Unveiling the Formation of Inclusions and Their Impact on Scintillation Performance in Sr Codoped LaBr₃:5%Ce Crystals

Sr²⁺ codoped LaBr₃:Ce³⁺ scintillation crystals exhibit exceptional performance in various radiation detection applications, achieving near-theoretical energy resolution (2%) through optimized codoping strategies. However, the substantial doping concentrations required (0.35–0.7 mol %) introduce significant challenges in crystal growth, particularly defect formation, which limits large-scale production and practical application. Herein, this study investigates SrBr₂-induced defect dynamics during crystal growth with a focus on the role of inclusion defects in degrading scintillation performance. The inclusion density increases along the crystal growth direction and follows the matrix-controlled morphological evolution, eventually forming well-defined polyhedral morphologies with equilibrium hexagonal prism bounded by {1000} and {1010} facets. Constitutional supercooling-induced interface instabilities emerge as the primary mechanism driving inclusion formation. Crucially, increasing inclusion density along the growth direction leads to enhanced photon scattering, significantly reducing transmittance, light output, and energy resolution─from 2.69 to 5.9%. In addition, the scattering of scintillation photons by inclusion introduced an additional slow decay component in the scintillation time profile.
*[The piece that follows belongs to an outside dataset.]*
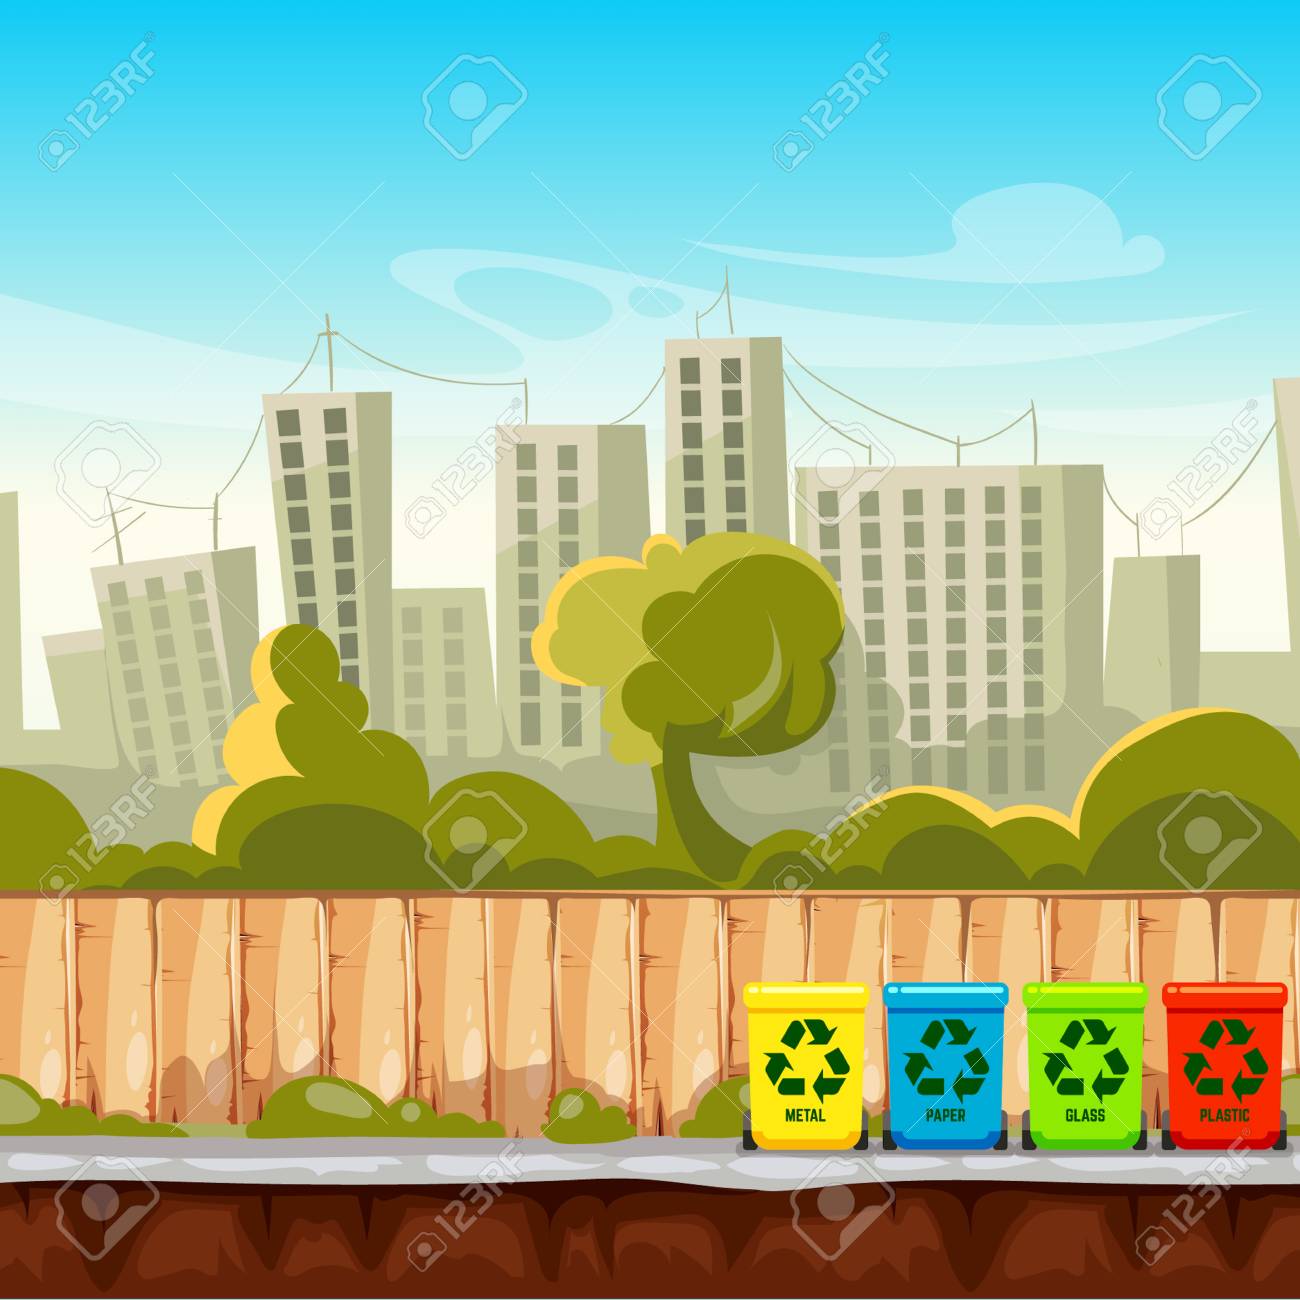 Recycle Waste Bins With Cityscape Background Management

By leveraging these insights, we optimized growth parameters to suppress this instability, achieving improved crystal quality with an energy resolution of 2.44%@662 keV─a significant improvement compared to conventional methods. These observations quantitatively reveal the influence of macroscopic inclusions, establish a comprehensive framework for macroscopic defect engineering in LaBr₃-based scintillators, and further provide effective strategies for control and optimization of metal halide scintillators.